Its a back pak clone bought on ebay. I questioned the flow rate, but who really knows, it would be so hard to test. It seems to really push the surface water around, but I am now getting fairly frequent blackish purple carpet type algae on my live sand. is that the cyno you warn of? is it all bad?


----------



## caferacermike (Oct 3, 2006)

Sounds it. The cyano can be a birght red, green, blue or purple color. If you can wave your hand just above it and it sweeps away you've got Cyano. Cyano is the true trouble nuisance algae. It will kill corals dead. It accumulates due to organics breaking down. 

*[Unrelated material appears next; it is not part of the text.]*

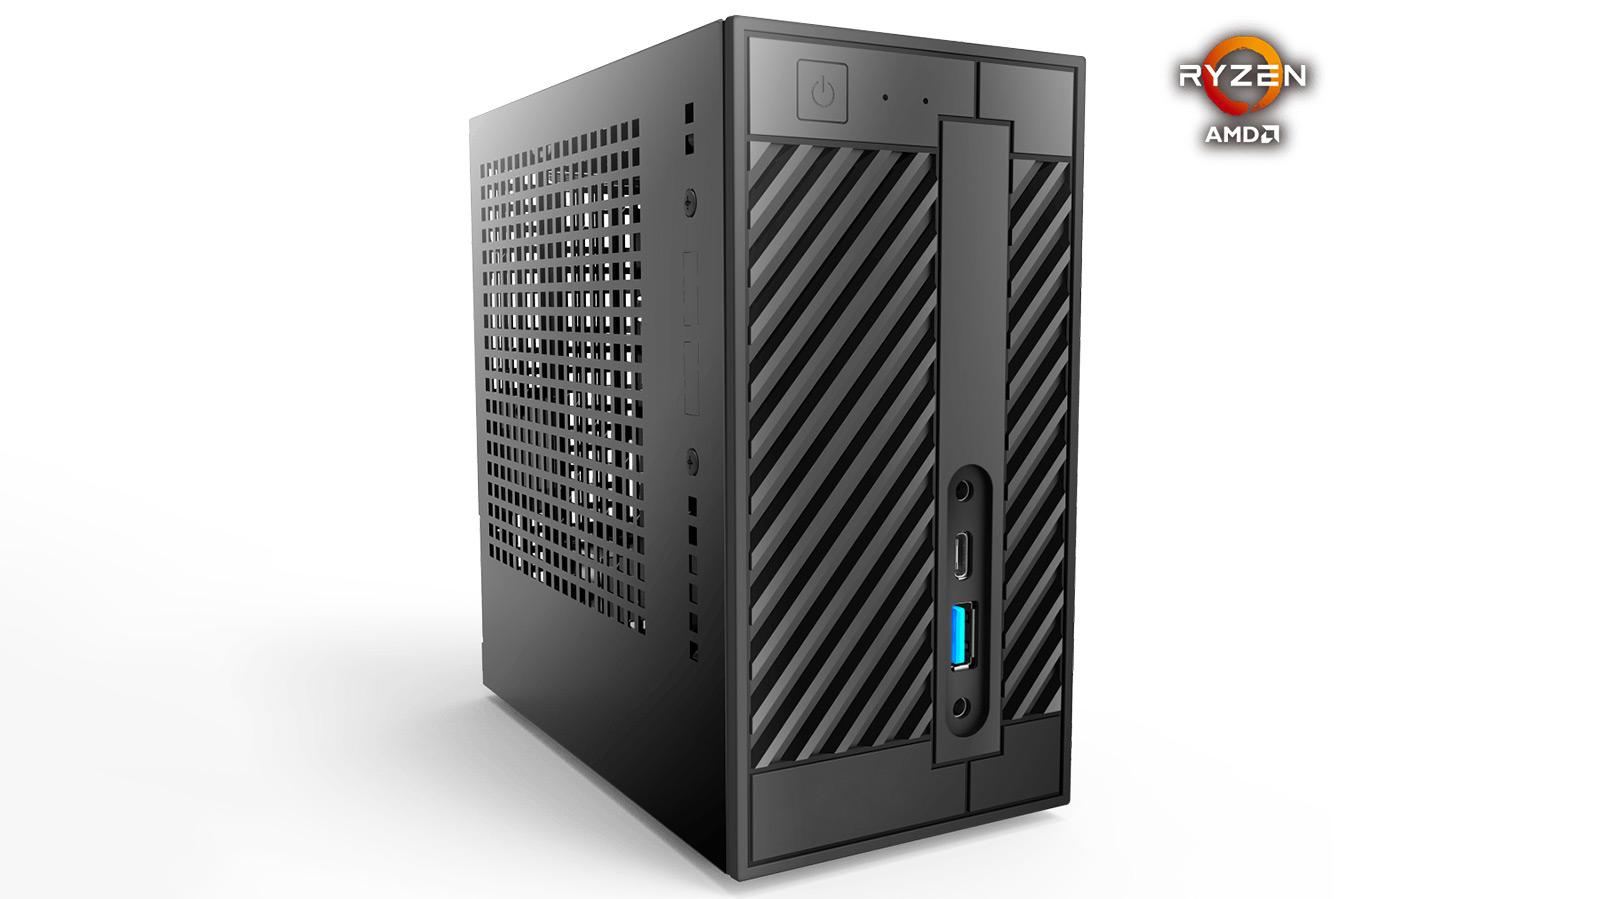 ASRock DeskMini X300 Zen APU berriarekin 2 sarean aurkitu

If the color was brown I'd have said you have a normal brown diatom cycle that will clear on it's own.

If it is a blackish color and is stuck tight to the rocks and won't go away, now maybe the time for a sea hare or a lawn mower blenny. this stuff is tough and will creep all over the tank slowly suffocating it. 

All algeas are indicative of too little flow. I swear everytime I tell somebody that has an algae problem to add more current, they always tell me that more powerheads cleared the problem. Algaes do not have root systems and are easily annoyed and blown away by excess currents. Most algaes take hold in areas of detritus and decay. By adding more currents you wil prevent those buildups. Also algae can be a sign of poor lighting or worn out bulbs. I'd have at least 150watts on a 55g and make sure the bulbs are not older than 8 months. Those bulbs shouls all be 12K spectrum or higher. Algaes thrive on 10K or less and grow even faster on old worn out spectrum bulbs.


----------



## jockkustow (Oct 23, 2006)

funny you mention the lights, mine are probably a little over a year old. I burn two two daylights and one blue. I did notice the problem though until I turned off everything exceept the skimmer. I guess I just need to turn my rio jet back on, and aim it across the bottom.


----------



## caferacermike (Oct 3, 2006)

Flourescents peak at about a year. It is time to save up for new bulbs. Keep this in mind.


----------



## Age of Aquariums (Apr 13, 2007)

I'm down to 4 tanks since I put to much LR in my 20 gallon, it broke the bottom. So weight for sure.


----------